Nie ma nigdzie ziemi niczyjej. Co najwyżej nie wszyscy się interesują swoimi działkami. Ja jestem trudnym przypadkiem, bo wiem, że sąsiadka nie ma prawa wylewać wody na działkę gminną, bo tym jest ścieżka między mną i sąsiadem. Ne byłoby problemu, gdyby sąsiad wykopał ten rynsztok pod swoich murkiem, ale wtedy miałby problem, który mam teraz ja.

 

Kanalizacji deszczowej tam nie ma i nie będzie, bo do gminy należy jedynie wąski pas ziemi, którym jest ścieżka.

 

Nie chcę żadnych kłótni, a już na pewno łazić po sądach. Postaram się zaproponować położenie w tajemnicy przed gminą rury zamiast tego rowu. Wtedy mogłoby sobie zarastać ile dusza zapragnie.

 

Natomiast bardzo chętnie dowiem się od geodety, gdzie są faktyczne granice działek, bo pośrodku przejścia widać niski murek:

28df4366be6734f2gen.png

Odnośnik do komentarza
Udostępnij na innych stronach

Geodeta pokaże granice (procedura, zawiadomienia itp), lecz taniej jest zlecić aktualizację mapy syt-wys np. w celu zorientowania sie jakie są spadki , ba,bla,bla . Mówisz w czym rzecz. Geodeta zmierzy ogrodzenia i przewyższenia, przy okazji może zauważy jakies znaki graniczne i je zmierzy (wkazane czy granice są spójne, tzn. jeśli podział był po 2011 r. to raczej jest OK).
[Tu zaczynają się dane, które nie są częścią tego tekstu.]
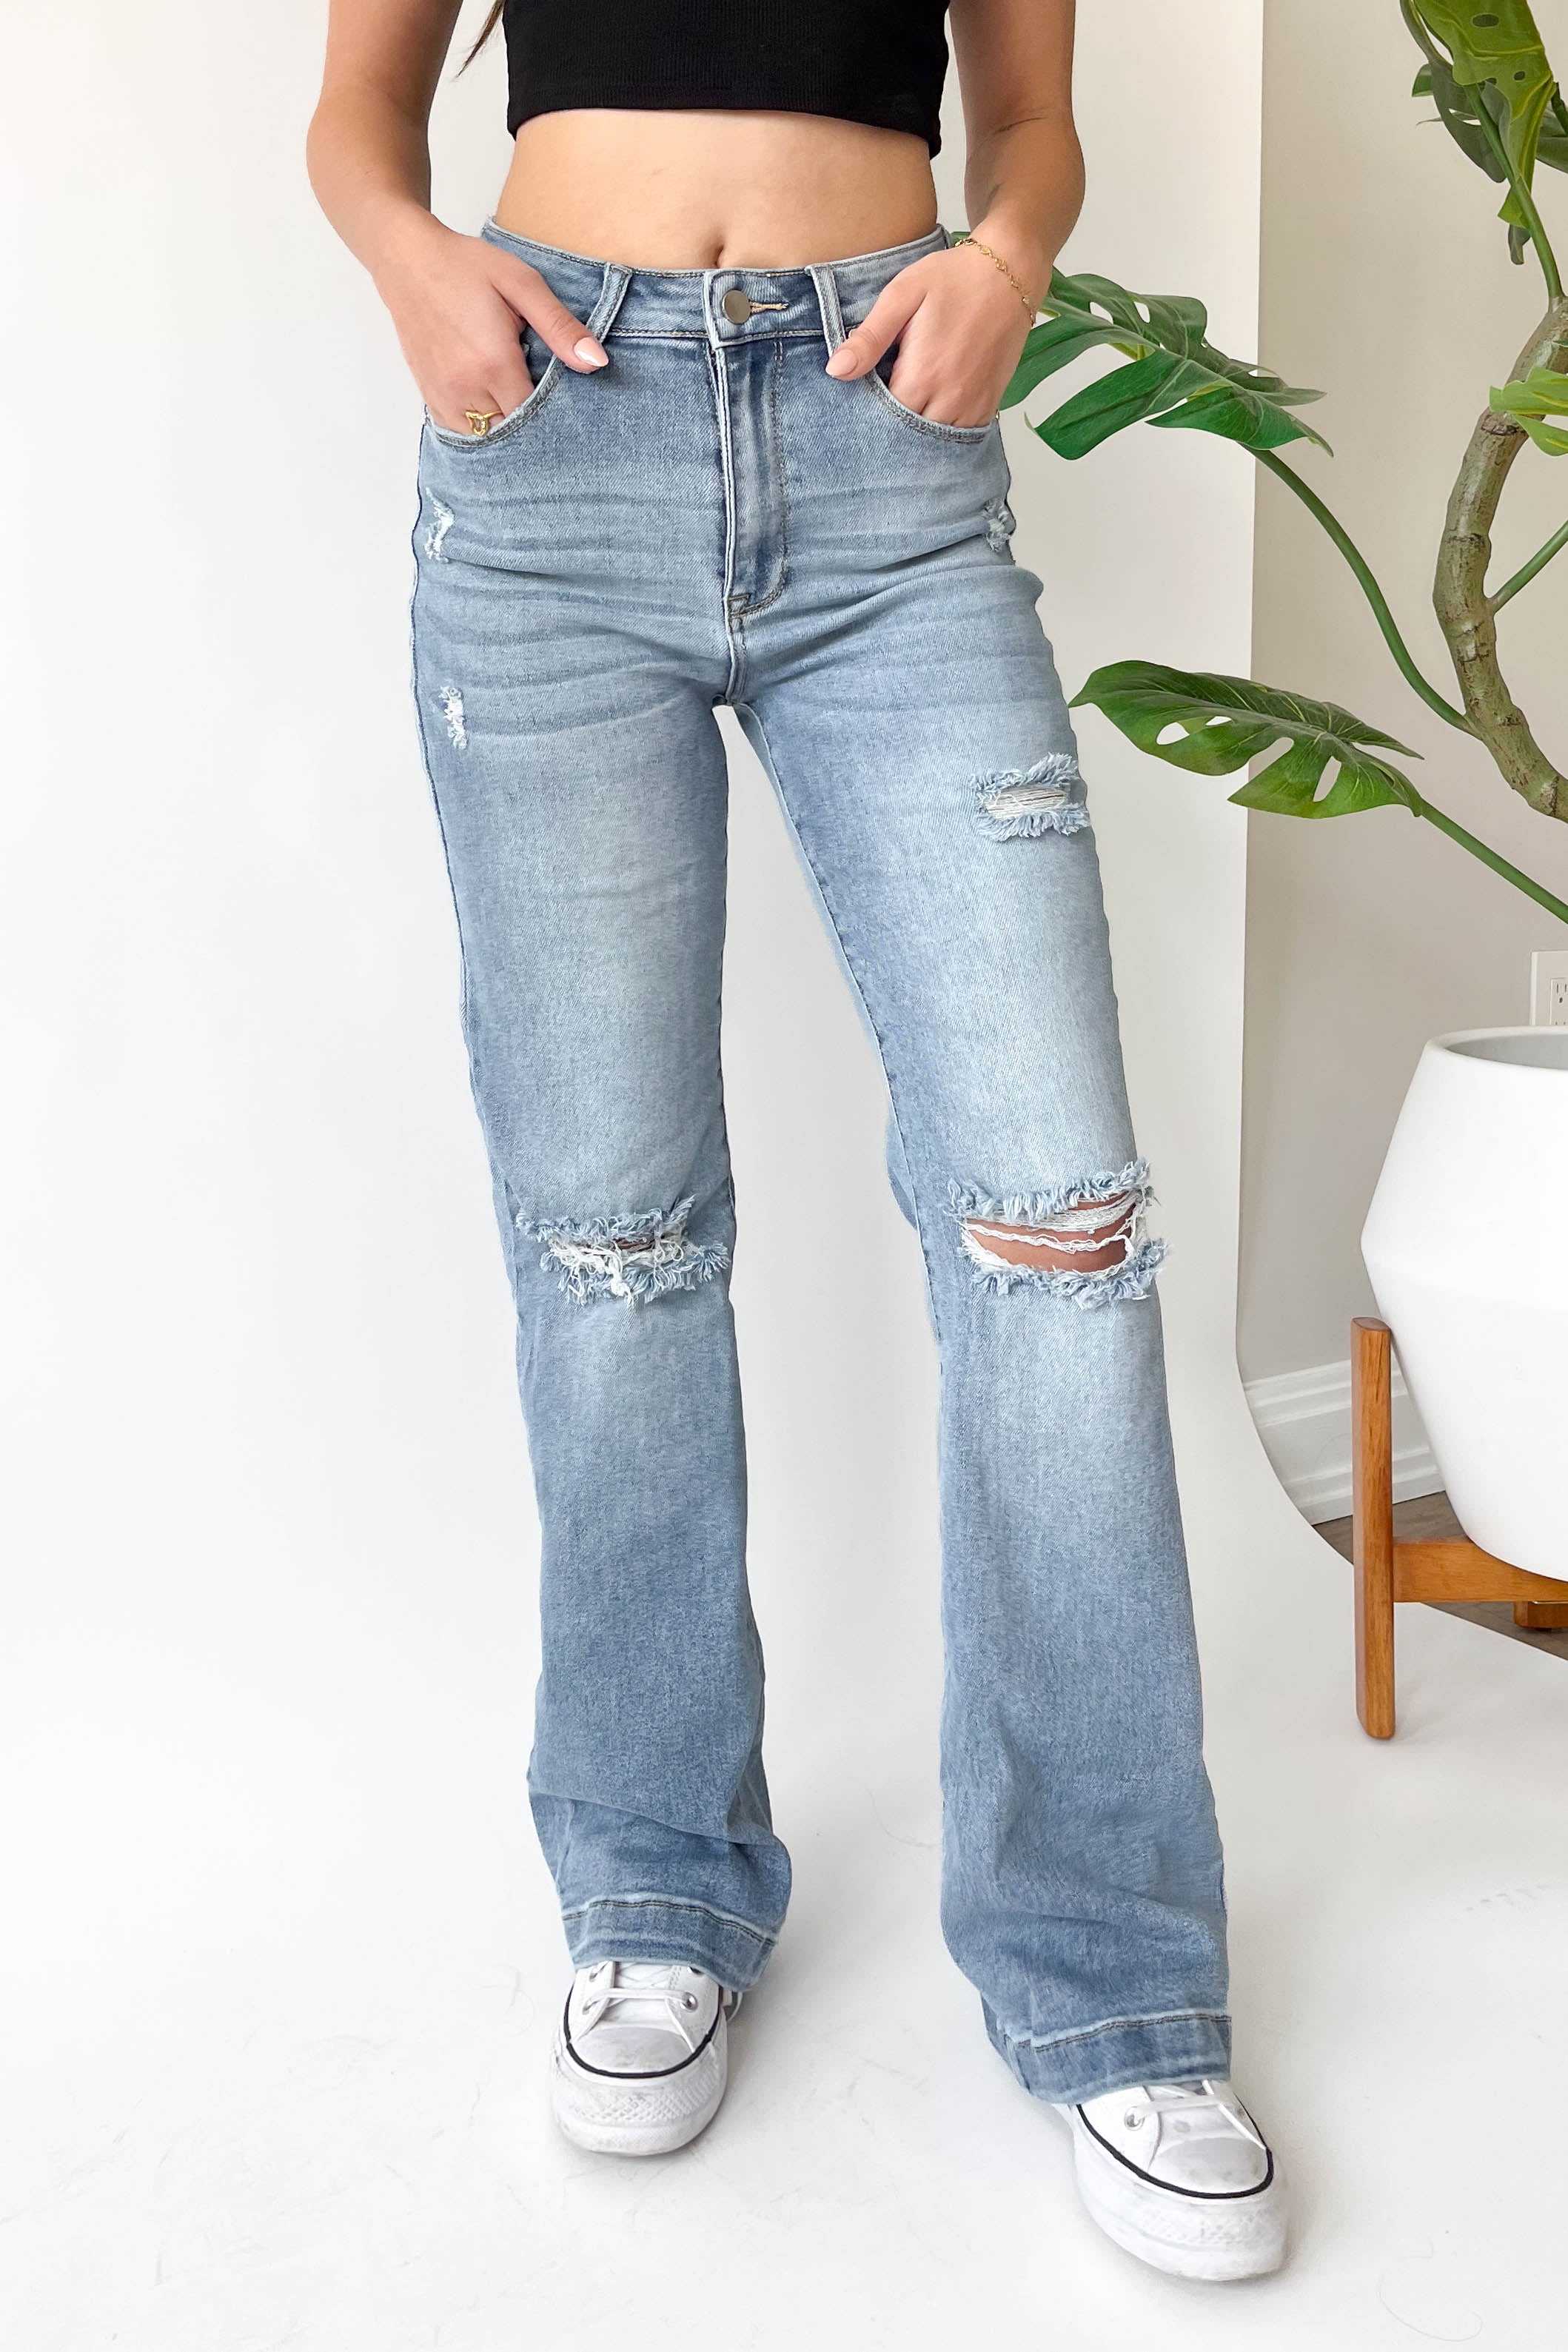 Cara Jeans in Medium Wash

To narysuje na mapie (uzupełni gdy brak czegoś), analitycznie wyliczy odległości i wyjdzie że sąsiad jeździ po swoich? dwóch działkach (lub nie swoich?, pytanie czy ma tytuł prawny = służebność ) a tobie czyni szkodę czyli podpada pod art. 415 KC. Mając aktualny stan na mapie masz o czym rozmawiać po dobroci z sąsiadem lub niesympatycznie obiecać rozmowę przez adwokata itd. Czy sąsiad legalnie korzysta z tego przejścia to powiedzą (raczej powinni powiedzieć) w dziale EGiB Twojej gminy/starostwa. Idziesz, pokazujesz twój grunt (dowód osobisty, sprawdzą w EGiB lub po KW) i pytasz czy na sasiedniej działce jest służebnośc dostępu, przejścia lub przejazdu/dojazdu zapisana dla działki sasiada. Mogą nie podać nru KW, bo RODO ale to czy jest zapisana służebność to powinni powiedzieć. Zresztą to będzie wiedział geodeta wykonujący aktualizację - po zgłoszeniu takiej pracy dostanie także wypisy. Kropka

P.S.

W tajemnicy przed gminą nic nie kombinuj: primo - i tak się wyda; secundo - sąsiad będzie miał na ciebie haka. I po co ci to?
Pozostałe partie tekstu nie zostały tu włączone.